This tip comes care of Dr. Michael Monagan at Simon Fraser University. Represent your sparse matrix as a list of rows, and represent each row as a linear equation in an indexed name. For example:

A := [[1,0,3],[2,0,0],[0,4,5]];

S := [ 1*x[1] + 3*x[3], 2*x[1], 4*x[2]+5*x[3] ];

To compute the product of the matrix A with a Vector X, assign x[i] := V[i] and evaluate. This can be done inside of a procedure because x is a table.

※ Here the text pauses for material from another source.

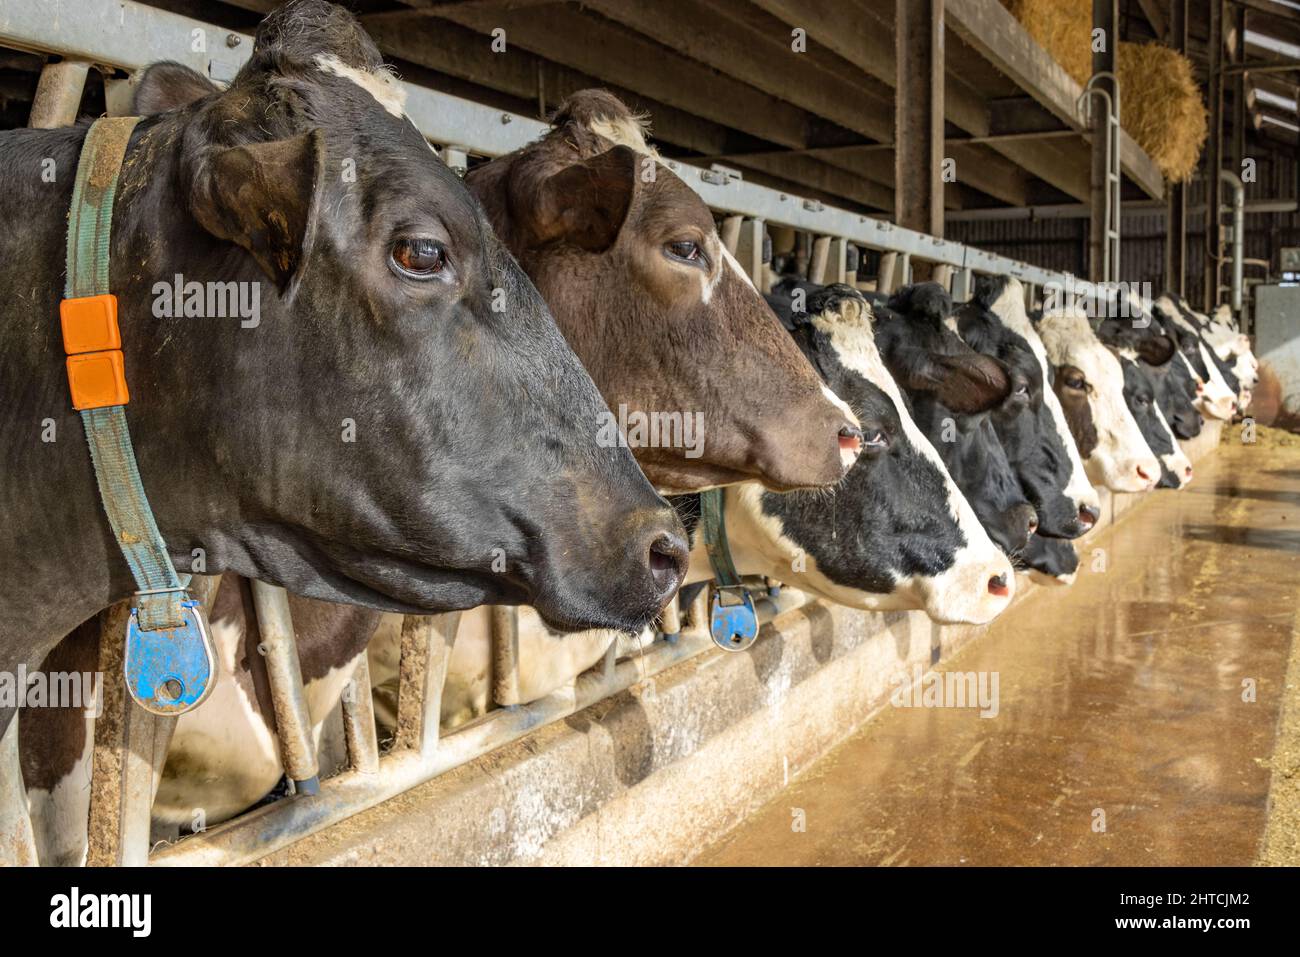 La vache se dirige dans une grange dans une rangée en attendant le temps de nourrir, piquant à travers les barres d'une porte dans une grange, tête entre les poteaux de la clôture dans une grange Banque D'Images

V := [7,8,9]: for i to 3 do x[i] := V[i] end do: eval(S); # result

for i to 3 do x[i] := evaln(x[i]) end do: # unassign

Don't forget to unassign. Note that this method of assignment is slow when V is a big list. In short, we need to use "for i in V", which does one nice linear pass through V. This is what I do:

n := 0; count := proc() global n; n := n+1 end proc:

for i in V do x[count()] := i end do: eval(S);

for i to 3 do x[i] := evaln(x[i]) od:

In a real procedure, n would be lexically scoped and not a global variable. Instead of an explicit loop you can also use seq and assign.

n := 0; count := proc() global n; n := n+1 end proc:

seq(assign(x[count()],i), i=V);

eval(S);

seq(unassign('x[i]'), i=1..3);

Of course, where this trick really shines is in doing back substitution. You can easily substitute tens of thousands of variables into any number of equations, all in linear time.